9. A chi ha fatto leggere per primo il romanzo?

Sono due le persone a cui, in contemporanea, ho fatto leggere inizialmente il racconto, seppur in una versione ancora primitiva e per certi versi incompleta: mia moglie e mio cugino Luigi. Entrambi mi hanno subito spronato nell’andare avanti credendo che questo libro avesse delle grandi potenzialità ed una forte valenza educativa, fornendomi, nel contempo, suggerimenti utili e critiche costruttive.



10. Secondo lei il futuro della scrittura è l’e-book?

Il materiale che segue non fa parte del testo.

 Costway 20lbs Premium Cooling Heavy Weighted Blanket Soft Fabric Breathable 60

Per certi versi io sono un tradizionalista e mi piace leggere un libro sfogliandone le pagine, sottolineando i passi più significativi e annotandomi ciò che mi suscita, ma reputo che nell’era in cui viviamo, dove tutto passa per lo schermo di un pc, di uno smartphone o di un tablet, questo approccio alla lettura si stia un po’ perdendo. In ogni caso, se l’e-book rappresenta un modo per favorire la lettura da parte dei giovani, che sempre più si stanno allontanando da questa a favore di programmi spazzatura, videogiochi e quant’altro, ben venga. Peraltro, l’e-book rappresenta anche un pratico modo per avere sempre a portata di mano dei libri da leggere, ottimizzando gli spazi e consentendo anche una praticità d’acquisto.



11. Cosa ne pensa della nuova frontiera rappresentata dall’audiolibro?

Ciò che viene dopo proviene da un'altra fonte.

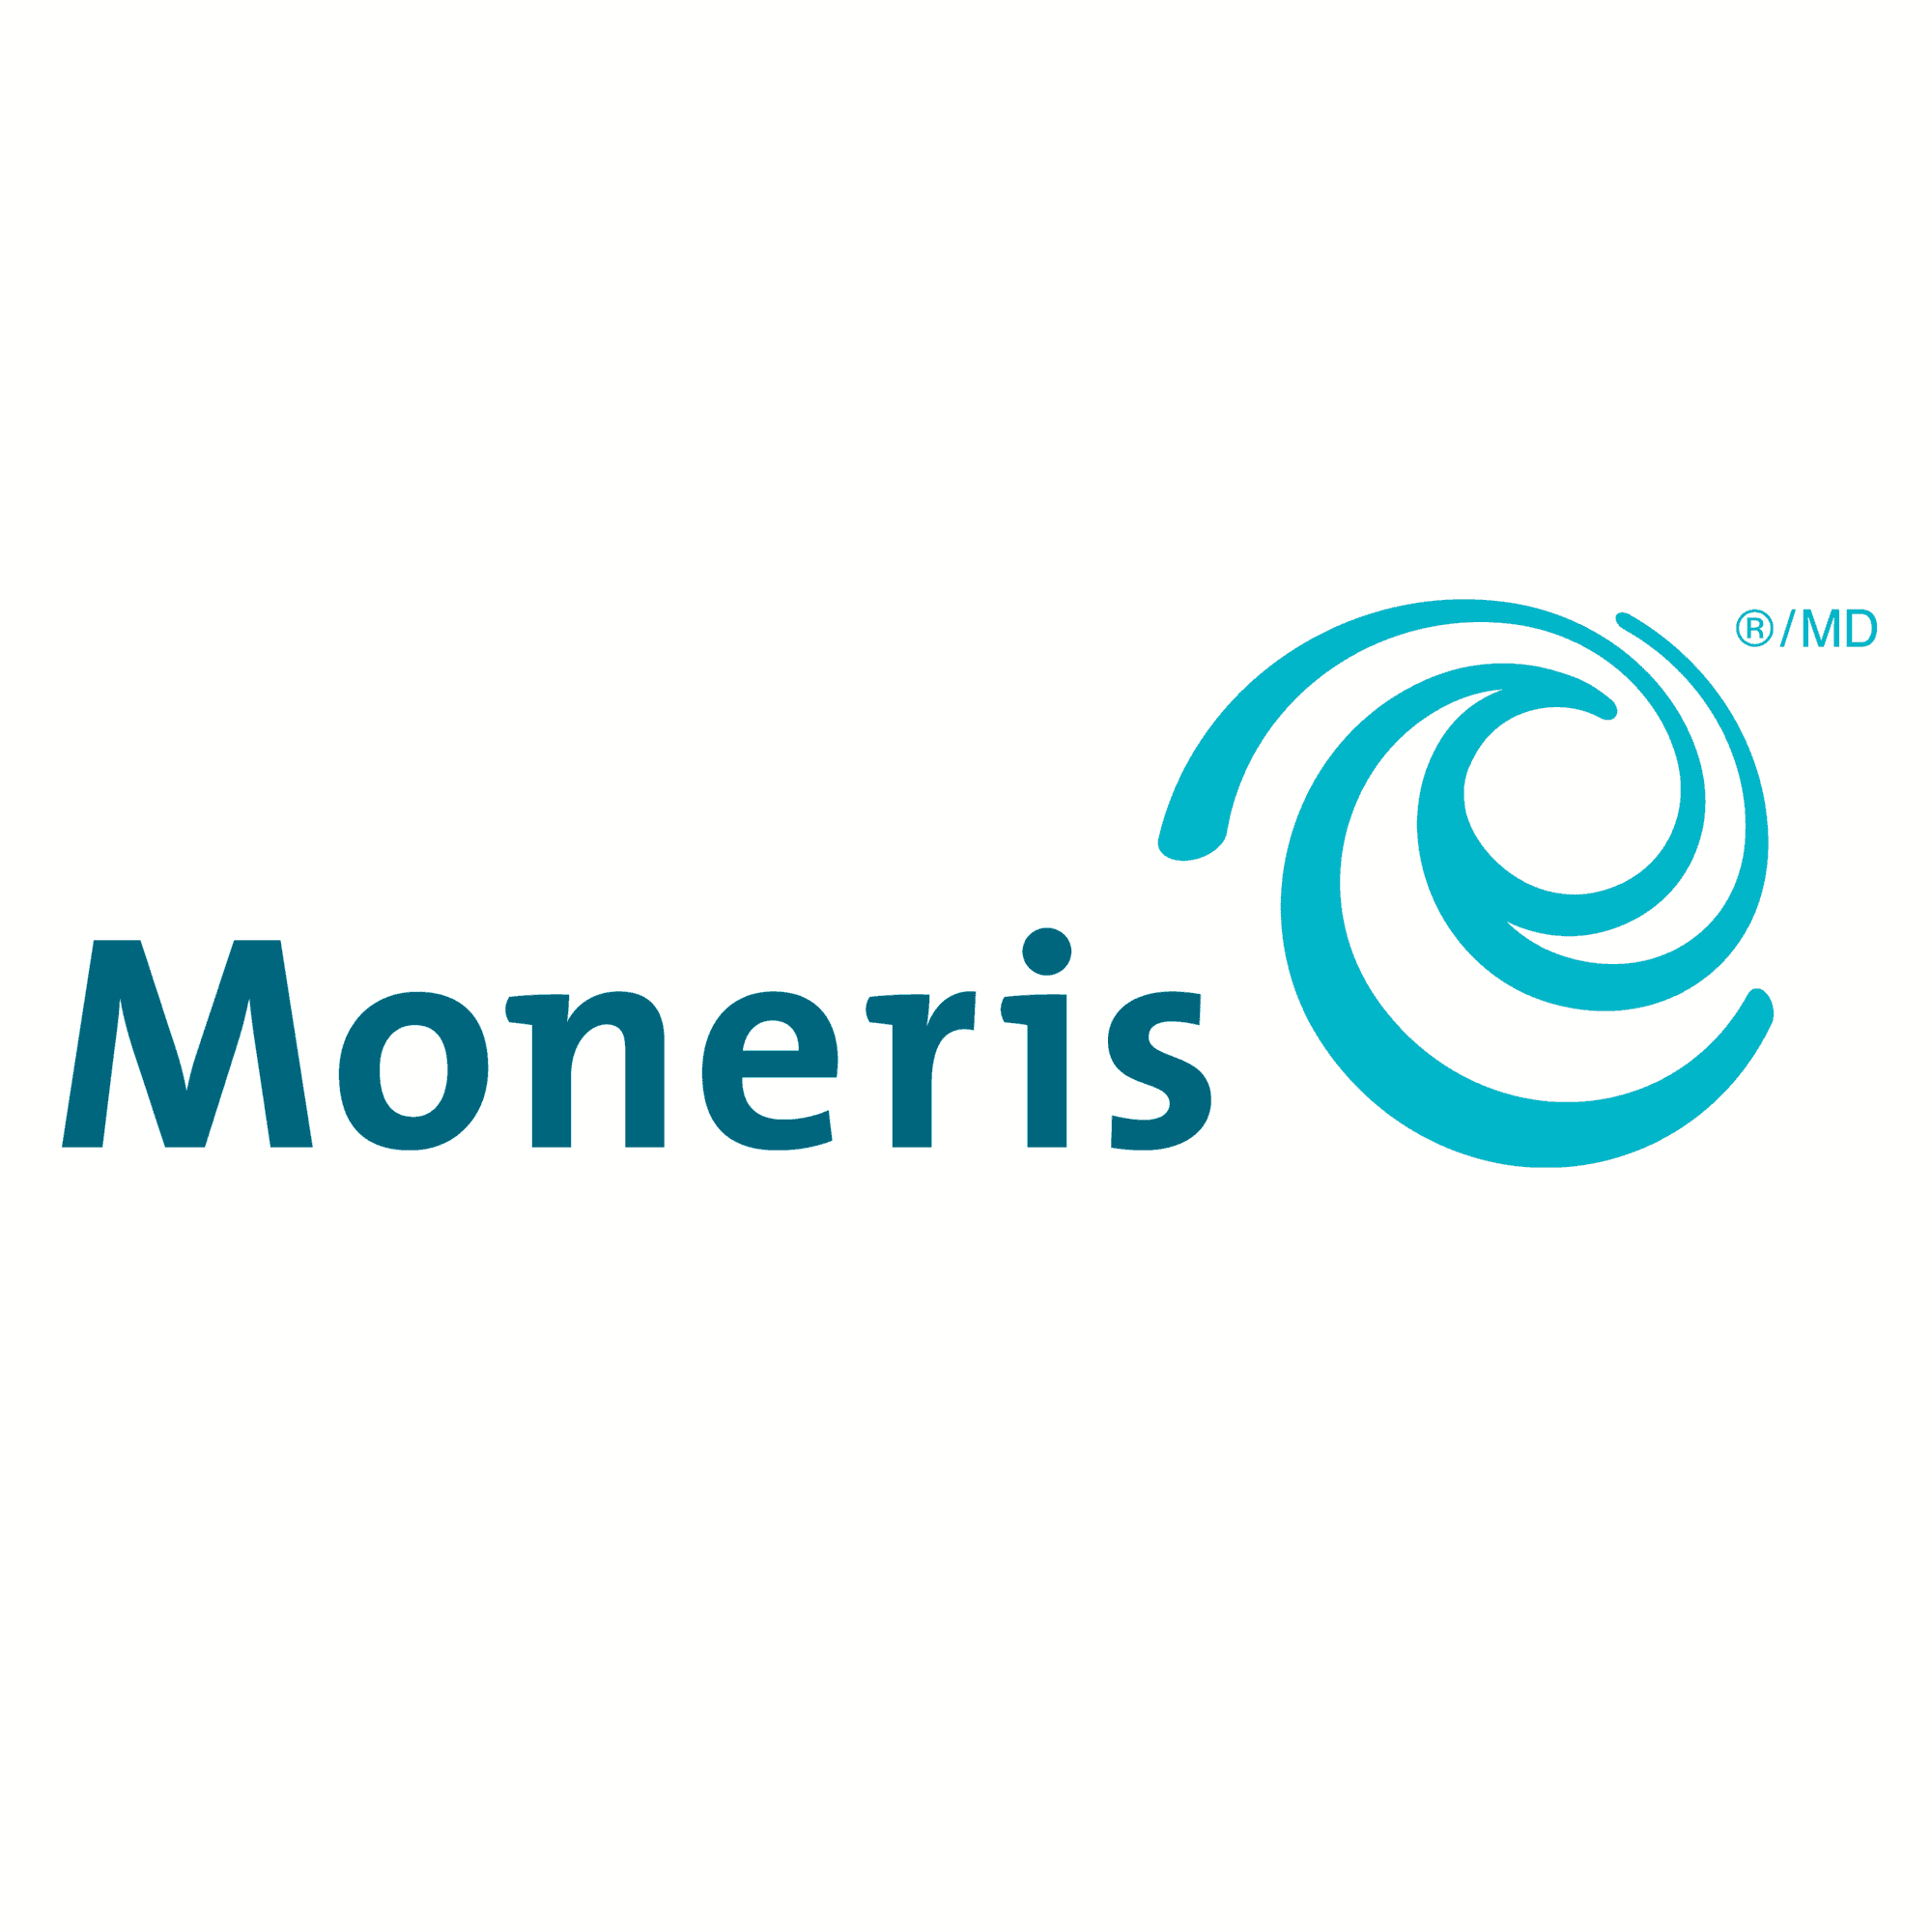 <p><span class="ql-size-small ql-font-montserrat" style="color: rgb(0, 0, 0);">Moneris is a financial technology and payment processing company in Canada that's been a valued partner of Second Harvest since 2017. </span></p><p><br></p><p><span class="ql-size-small ql-font-montserrat" style="color: rgb(0, 0, 0);">﻿From facilitating donations at events, to providing equipment and sponsoring Canada-wide fundraising events, we are proud to have Moneris by our side!</span></p> logo

Credo che qualsiasi forma di “lettura” che consenta di immergersi tra le pagine di un libro e di catapultarsi in realtà diverse da quelle vissute nel quotidiano sia sempre valida. L’audiolibro, nello specifico, potrebbe rappresentare una modalità in più per poter assaporare un libro anche in situazioni in cui non ci si può sedere comodi a sfogliarne le pagine. Risulterebbe, inoltre, molto utile, anche in casi in cui una disabilità non ne consenta la lettura.